そう、男(♂)はいつでもどこでもだれでも値踏みされる側なのである。

有鹿「成程。因幡国から出て来たか。しかし藤原ごときの雑仕女とは随分とその美貌を無駄にするところだったな」

夫の存在だけは何が何でも隠し通す、野望の上京主婦菜菜乎の面接は緊張感をもって、だが終始なごやかに進んでいる。
これが数日前、玉藻が口にした「少し話があります」の内容だった。

玉藻「今有鹿様は『遣天竺使』に随行する召使いを募っておられるのです。仕事熱心なそなたを見込んで、私からお勧めしました。当然、無理強いなどいたしませぬ。
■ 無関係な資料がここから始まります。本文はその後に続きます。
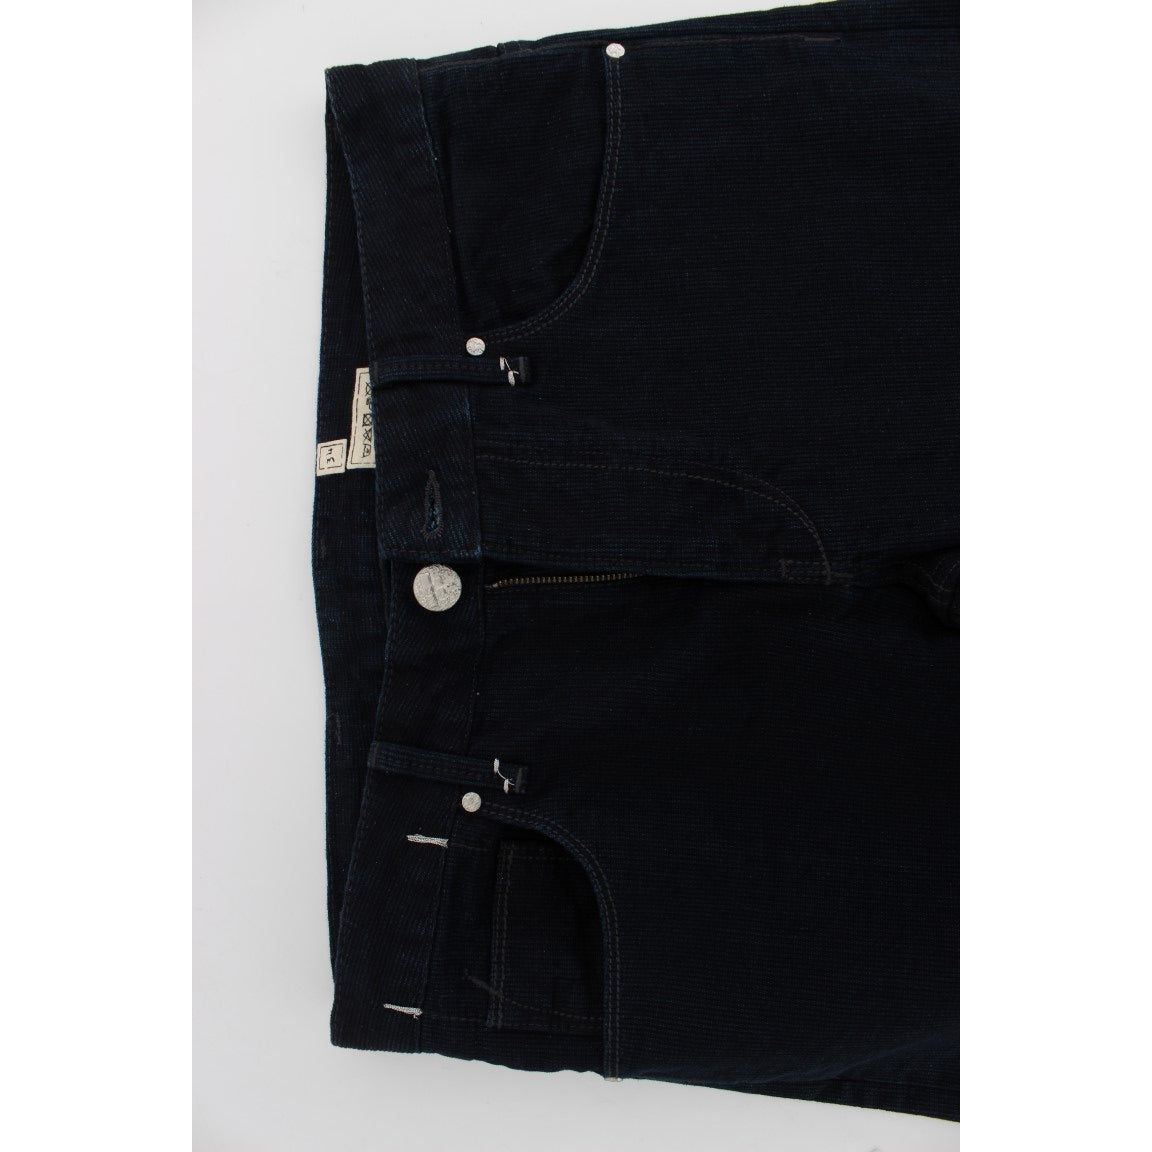 Acht Exquisite Slim Skinny Fit Men's Jeans dark-blue-corduroy-slim-skinny-fit-jeans 298973-dark-blue-corduroy-slim-skinny-fit-jeans-4.jpg

でしょう?」
有鹿「無論だ」
菜菜乎「遣天竺使とは?」
有鹿「天竺なる国を知っているか? 大唐帝国よりさらに東、仏道の興りし原初の地だ」
菜菜乎「はい。噂程度には」
有鹿「ふむ。充分だ」

微笑する有鹿。

有鹿「唐を出て砂漠を越えねば辿り着けぬかの地に我が国より新たな航路が見つかった。これは秘匿すべき国策だが、その航路を用い唐を介さず仏道のさらなる神秘を持ち帰る。即ち遣天竺。俺はその使節として父、左大臣蘇我大連(おおむらじ)の密命を受けて海を渡る。明晰なる菜菜乎よ。因幡国を代表して共に仏の国に参らぬか?」

以下大貴族の口から次々と繰り出される、やたらアーティスティックでサイエンシーでフィロソフィーな、いわゆる芯を食った強い言葉の数々に菜菜乎はすっかり魅了されていた。
つまりは何もかも理解した気になっていた。
政も、仏の道も、この男の人格までも。

玉藻「では菜菜乎。有鹿様にお部屋を…」
菜菜呼「……!」
玉藻「お部屋を」
菜菜乎「はい」

その錯誤は男と宵闇に混ざり合うことで更に強固なものとなった。
わずかひと晩、いや数時間の出来事だった。
「ふむ。充分だ」
男の言葉の意味するところが、
「ふむ(その程度の浅知恵で)充分だ」
であることなど、無論、想像すら及ばなかった。